Entenda a estrutura do Cérebro Humano, suas funções e como você pode usá-lo para melhorar seus resultados nas diferentes áreas da vida

Exemplo de imagem
O cérebro humano pesa cerca de 1,4kg (2% do volume total do corpo), mas consome cerca de 25% da energia assimilada pela alimentação. É composto de quase 100 bilhões de neurônios (86 bilhões, de acordo com as pesquisas da Dra. Susana Herculano), capazes de estabelecer de 1 a 100 mil conexões. 

O cérebro opera num sistema de rede integrada com inúmeras regiões se comunicando dinamicamente e organizadamente com outras regiões, promovendo, de forma complexa, nossa ilimitada capacidade para agir no ambiente, com potencial de observar e manipular átomos, observar galáxias situadas a milhares de anos-luz de distância, além de construir improváveis estruturas arquitetônicas, etc. 

De antemão, considero importante desmistificar que o cérebro não opera com apenas 10% de sua capacidade, conforme é difundido entre os leigos. Utilizamos 100% de nossos neurônios a todo o momento, até dormindo. Se um neurônio deixa de funcionar, ele é eliminado do circuito neural. 

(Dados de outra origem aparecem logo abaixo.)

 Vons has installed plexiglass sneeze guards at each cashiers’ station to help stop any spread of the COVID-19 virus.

O neurônio é composto por “soma” (o corpo da célula nervosa), dendritos (os prolongamentos que recebem os impulsos nervosos de outros neurônios) e os axônios (prolongamentos que enviam impulsos nervosos a outras células), podendo, estes, ser compostos por bainha de mielina, uma estrutura celular capaz de acelerar a transmissão dos impulsos nervosos. 

Ao entrar em contato com outro neurônio, são estabelecidas as sinapses (termo que, em grego, significa “junção”), os pontos de contato com os neurônios adjacentes. Os neurônios que se comunicam não se tocam (em geral, mas há exceções: as sinapses elétricas), portanto, para enviar mensagem há liberação de moléculas transmissoras de informação, denominadas neurotransmissores. 

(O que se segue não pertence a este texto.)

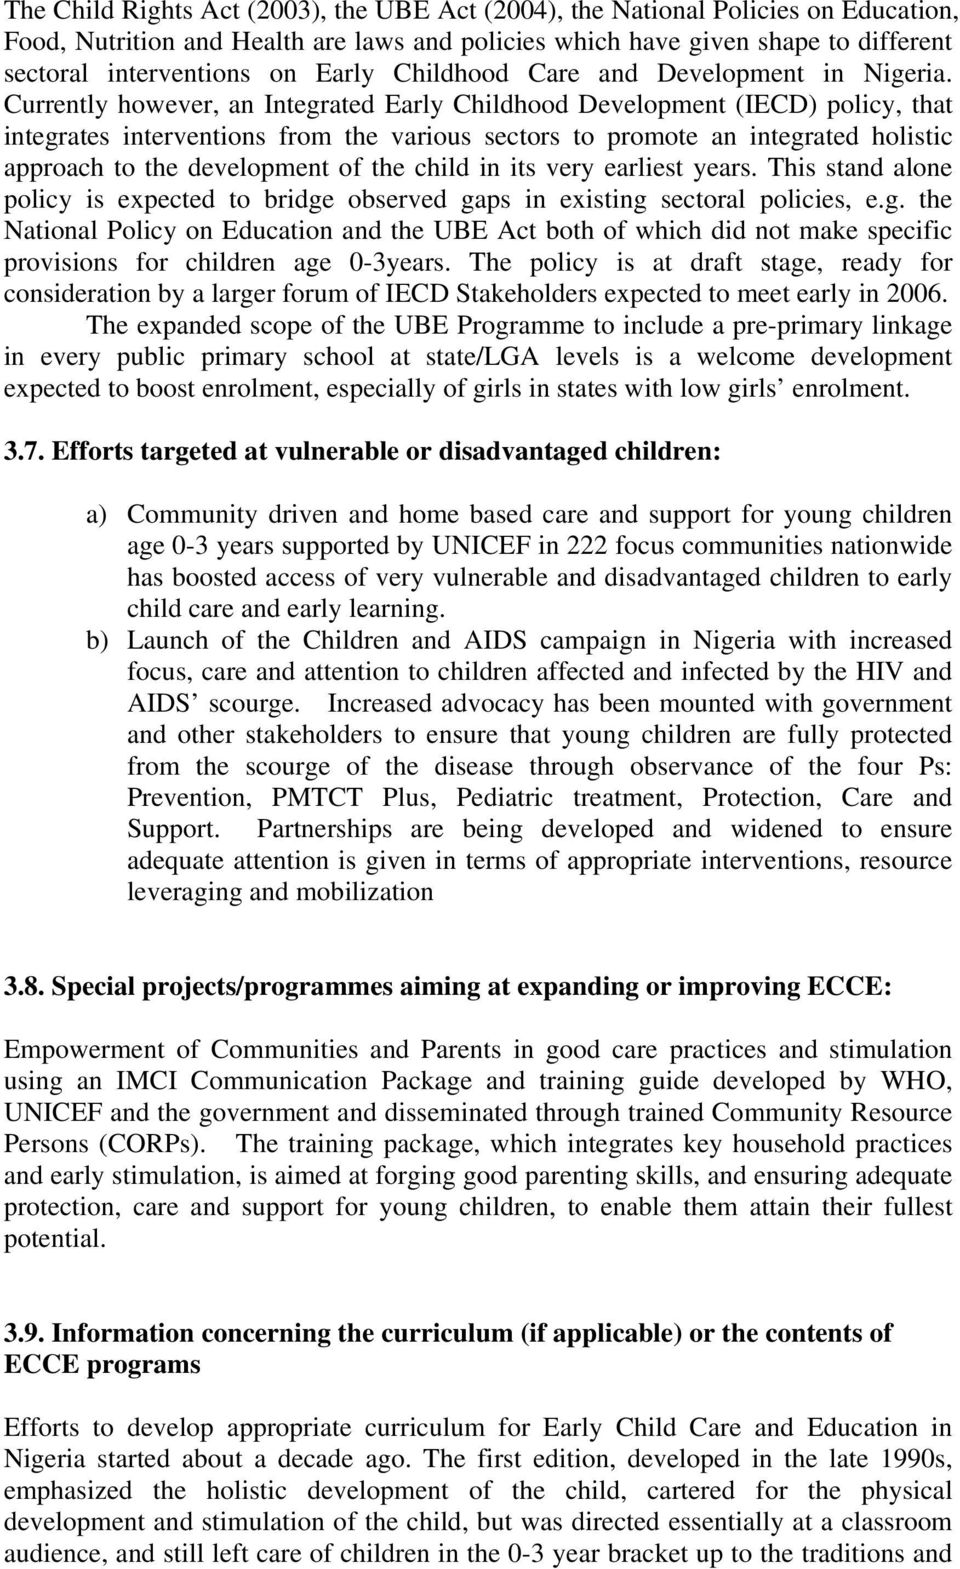 Currently however, an Integrated Early Childhood Development (IECD) policy, that integrates interventions from the various sectors to promote an integrated holistic approach to the development of the

Os neurotransmissores são de diversos tipos (descritos funcionalmente com mais detalhes posteriormente), como serotonina, dopamina, noradrenalina ou ocitocina, para citar alguns, que têm a função de inibir ou excitar os neurônios subsequentes, basicamente. 

Para introduzir o funcionamento do cérebro, considero didático apresentar a Teoria do Cérebro Trino (ou triuno ou triádico). De acordo com o pesquisador Paul McLean (década de 50), o cérebro evoluiu em camadas que se sobrepõem à medida que as espécies animais ampliam sua complexidade comportamental. 

Nesta teoria, a parte mais “evoluída” (termo controverso, dentre os especialistas) trata-se do neocórtex (neo=novo, córtex=casca, em latim: a nova casca), região que compartilhamos com os primatas, permitindo o raciocínio em termos de resolução prática de problemas. 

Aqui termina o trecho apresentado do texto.